How to complete this task:
With the pictures left out, transcribe exactly the lines from the one with "Fotomurales mexico papeles" through the end of the data.
(Beginning of Data records)
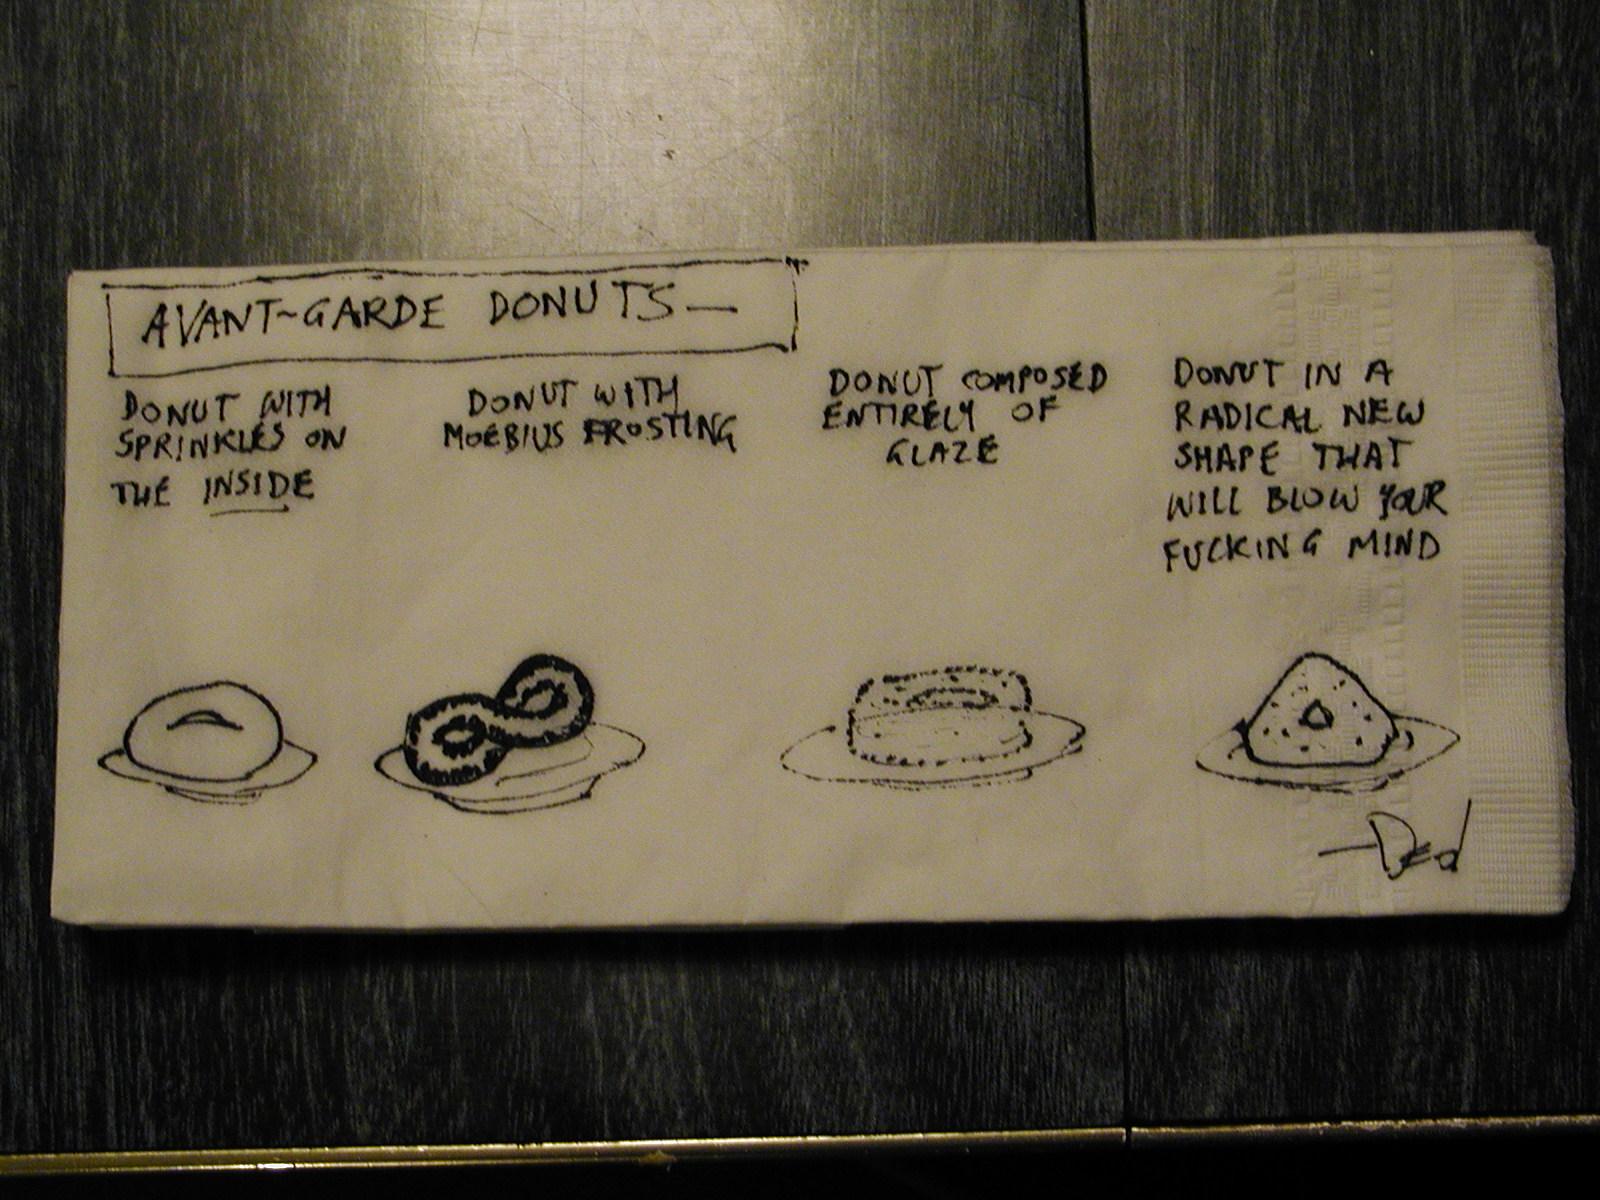 [avant+garde+donuts]
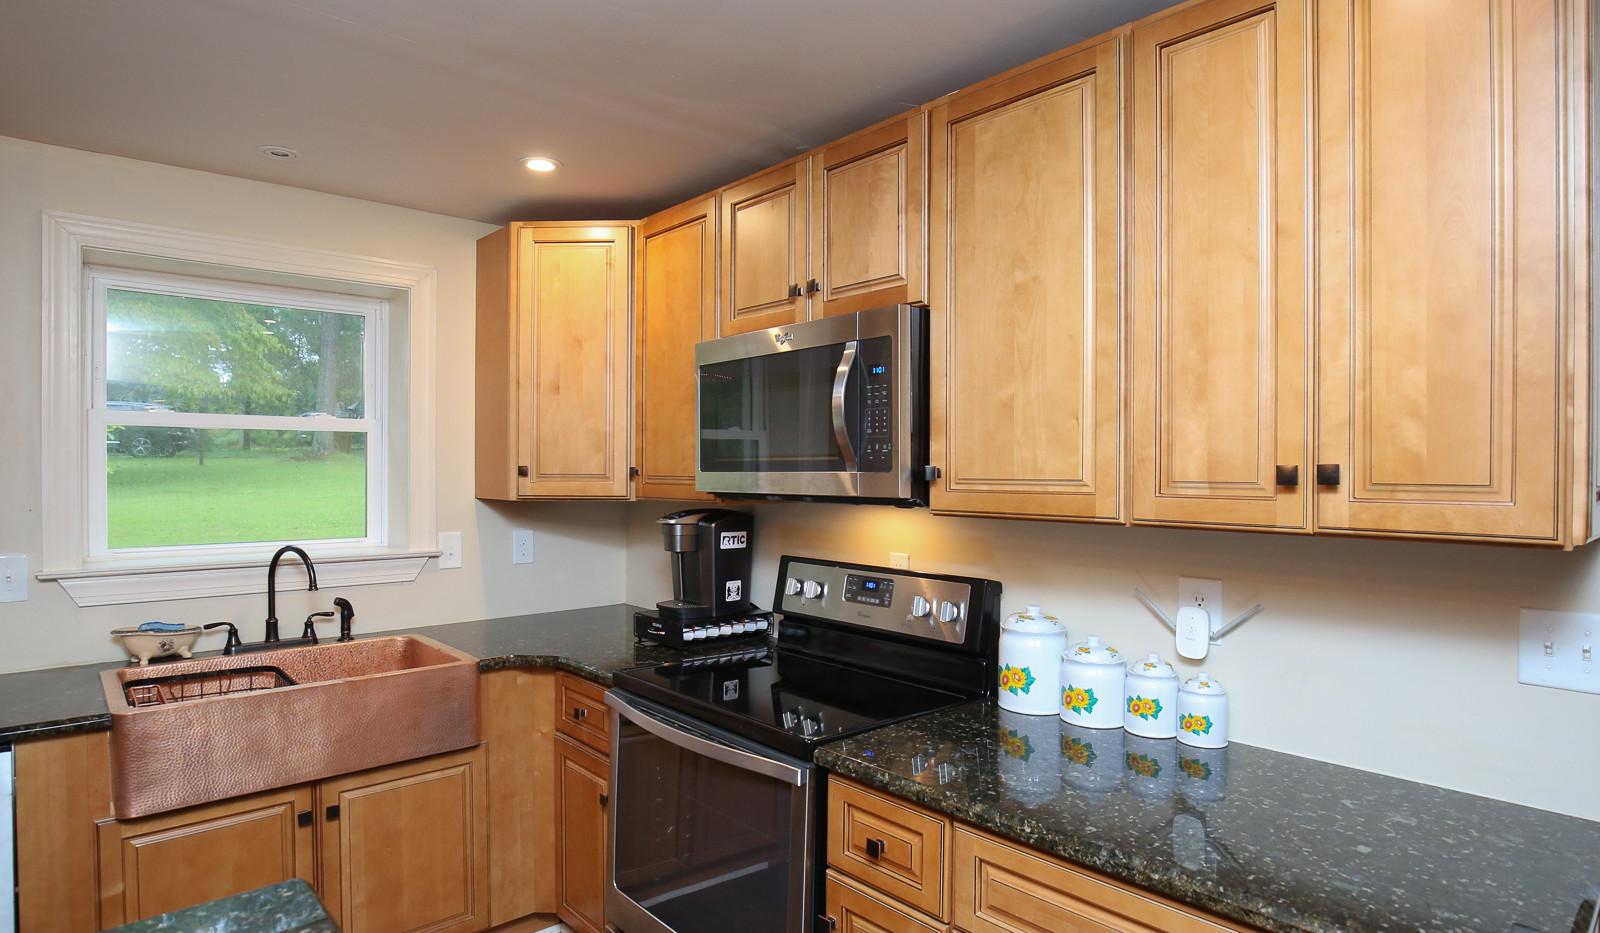 038_294_barnes_ave_kitchen.jpg
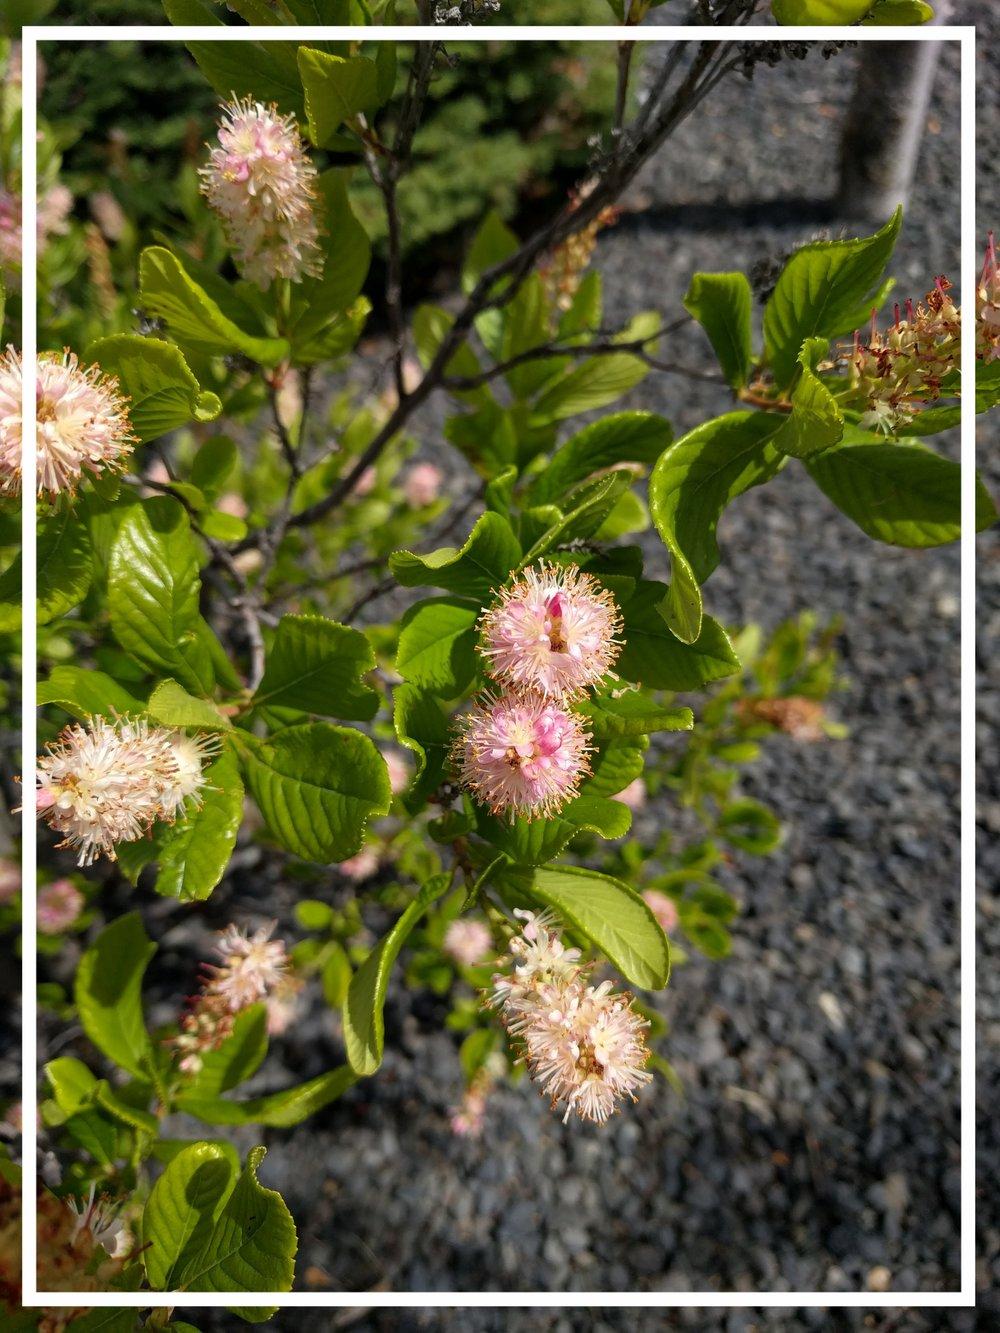 summersweet-clethra-alnifolia
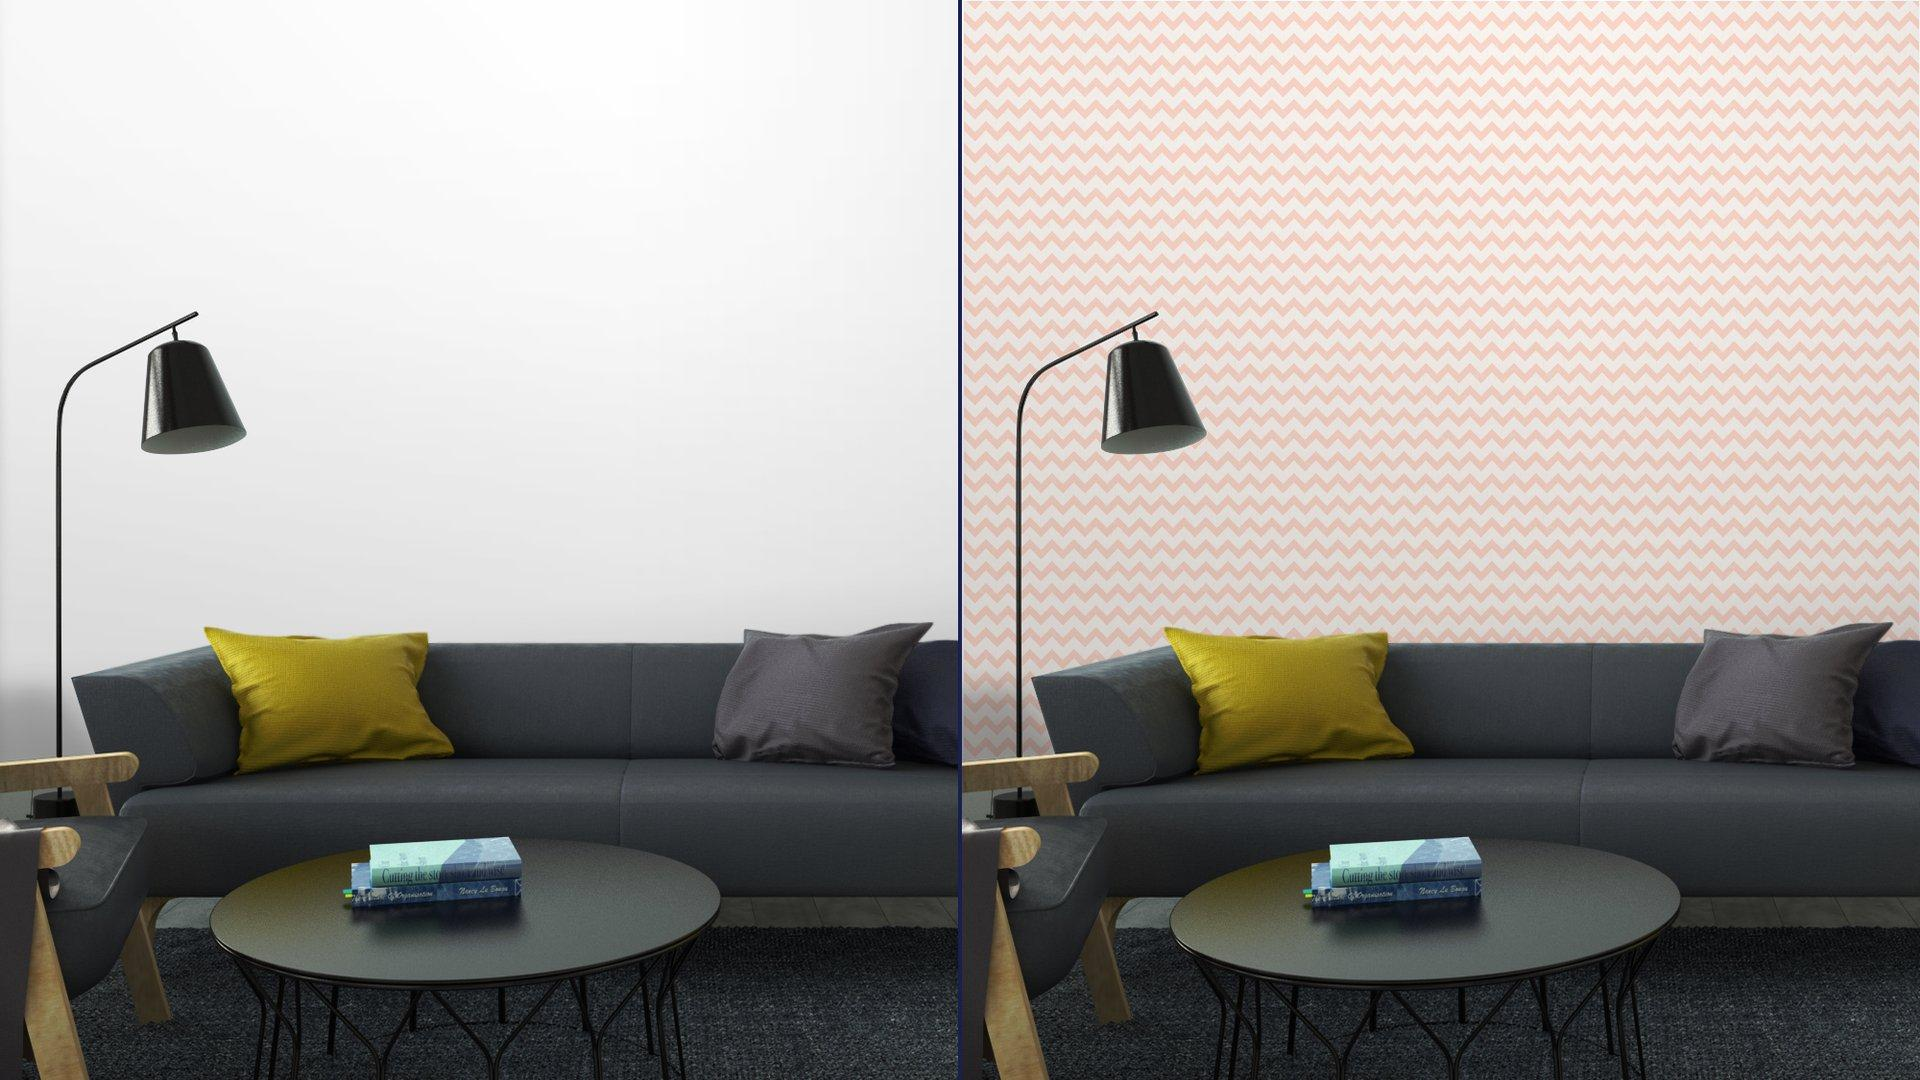 Fotomurales mexico papeles pintados lavables sin patron de color rosa chevron 5 - PapelTapizZig Zag Rosa Fondo Blanco 01
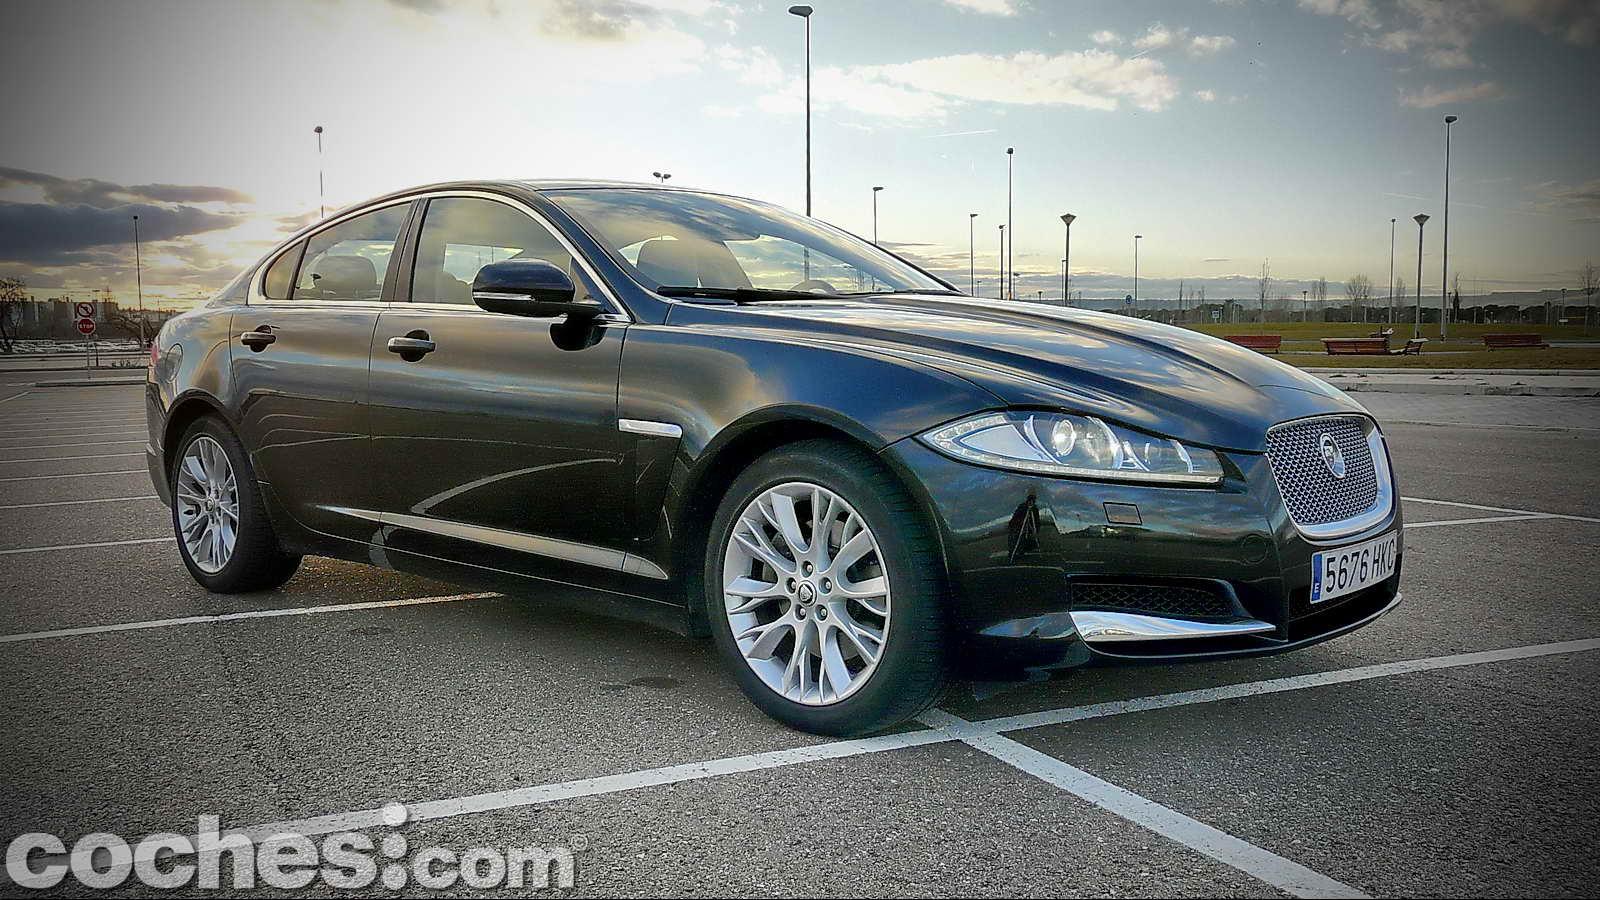 Diesel Premium Luxury 32 650x365 Prueba a fondo: Jaguar XF 3.0 V6 ...
(End of Data records)
Expected answer:
 Fotomurales mexico papeles pintados lavables sin patron de color rosa chevron 5 - PapelTapizZig Zag Rosa Fondo Blanco 01
 Diesel Premium Luxury 32 650x365 Prueba a fondo: Jaguar XF 3.0 V6 ...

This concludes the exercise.